New Year 2014: same old stories on the TV news.

First, we cut to London’s King’s Cross station where the intrepid reporter is busy getting commuters to moan over a modest 3% fare rise.

These being the same rail commuters who also moan about their train being standing room only, often late and occasionally cancelled.

Then it is over to a small town somewhere in the Home Counties where another reporter is standing ankle-deep in a flooded kitchen. There, he or she is listening to the homeowner who is furious about the town’s planned but unbuilt flood defences. This being the same homeowner who knowingly bought the house in a flood plain many years ago and just assumed everything would be alright.

Back in the studio we fill some airtime by stewing over the annual energy price hike, with pundits aplenty dropping in to lambast it as a national disgrace. These the same pundits who seem to think power stations build themselves for nothing.
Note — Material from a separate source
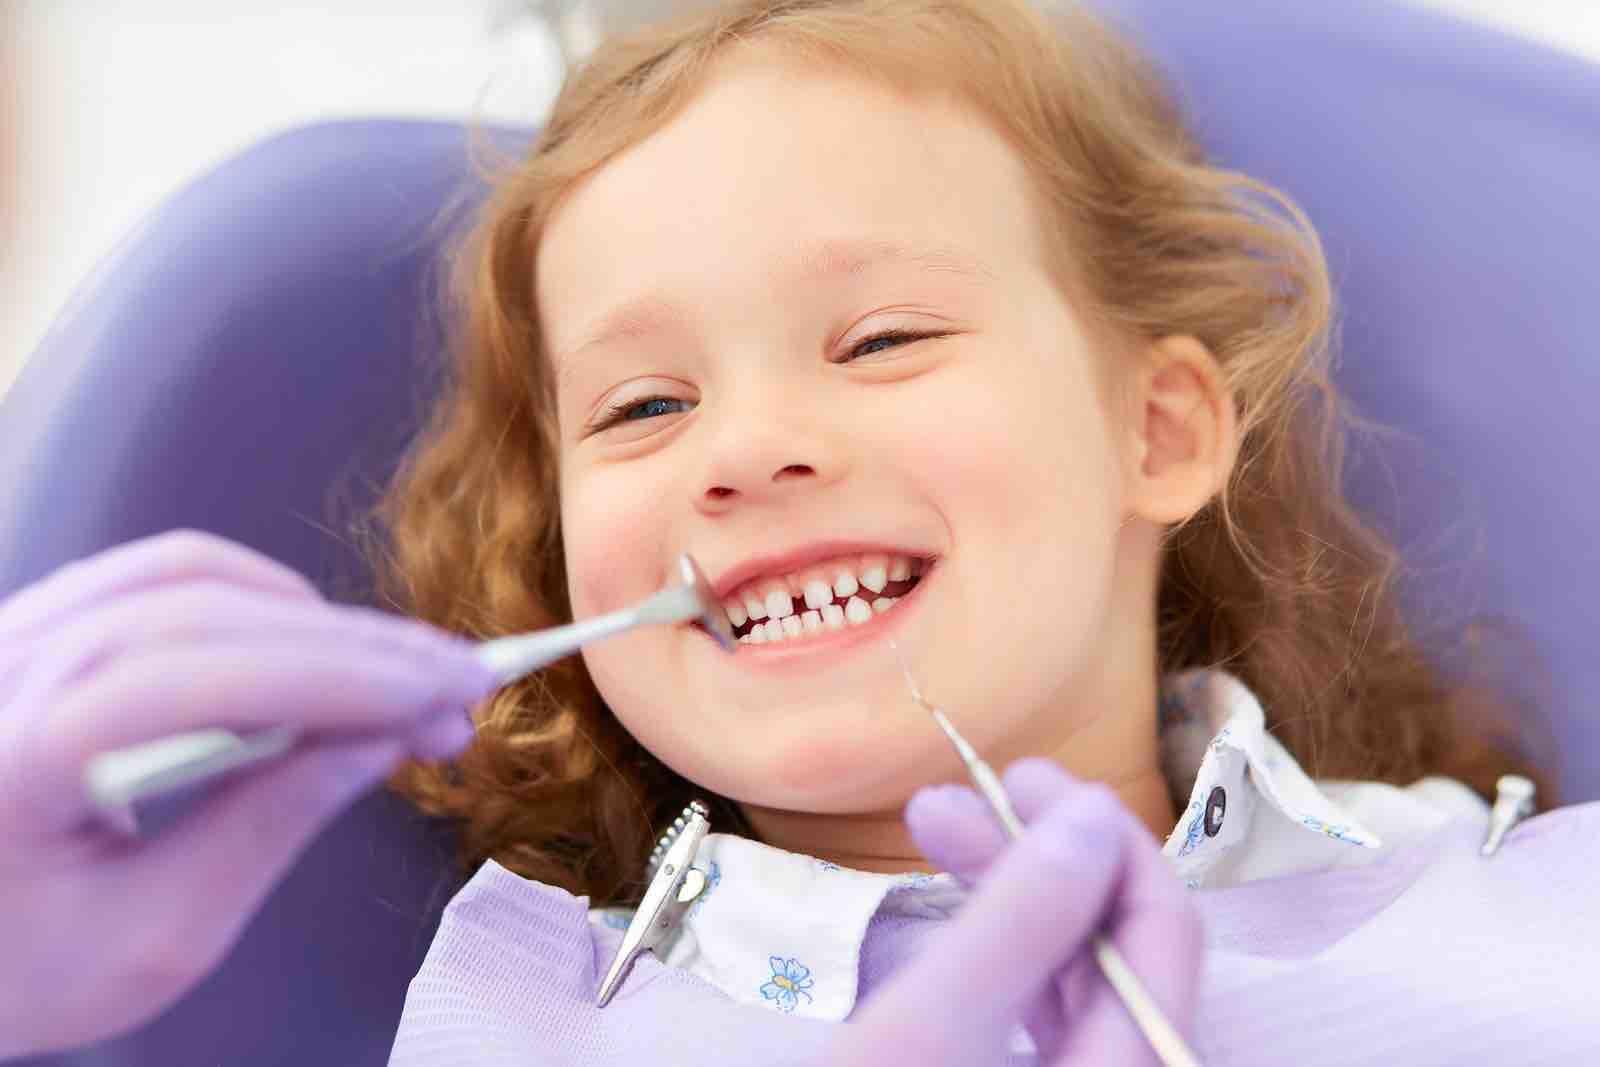 3. Kenalkan si Kecil dokter gigi semenjak dini

One thing always unites these interest groups – their age. It’s an age I can identify with – because it’s my age.

It’s an age where we don’t remember the daily power cuts during the miners’ strike of 1974; we don’t remember the standpipes in the streets during the heatwave of 1976; and we don’t remember seeing the rubbish piled high when the bin men went on strike in the 1978/79 Winter of Discontent.

Because we’re Thatcher’s Children – those who were brought up during Margaret Thatcher’s premiership and for whom everything has just worked. It worked then with almost zero investment, and it still does.

So as a bunch we are hugely complacent about our infrastructure. We certainly don’t see why we should have to pay more for it. We’re children of the ’80s after all – the era of Gordon Gekko and “greed is good” and every man (or woman) for themselves.

I think that’s a point lost on many who set themselves out as proponents of investment in infrastructure. They’re simply from a different generation. Sorry.

It’s a big problem because, as voters, my generation is becoming hugely important; there is now a lot of us. And we’re disengaged. We are not party-political but are likely to vote for whoever promises the lowest taxes or to keep open our local school or A the infrastructure will just work as it always has. And if it doesn’t we’ll moan about it on TV.

Which is probably why chancellor George Osborne is this week threatening another £25bn of cuts after the next General Election to get borrowing down; he, like all other parties, fears raising taxes to pay the bills.

We – you – as engineers know what needs to be done. But how do you convince the likes of me (but not me; I’m convinced) that we need to pay more for it?

We – you – need to get more vocal. That’s the challenge for 2014. Are you up for it?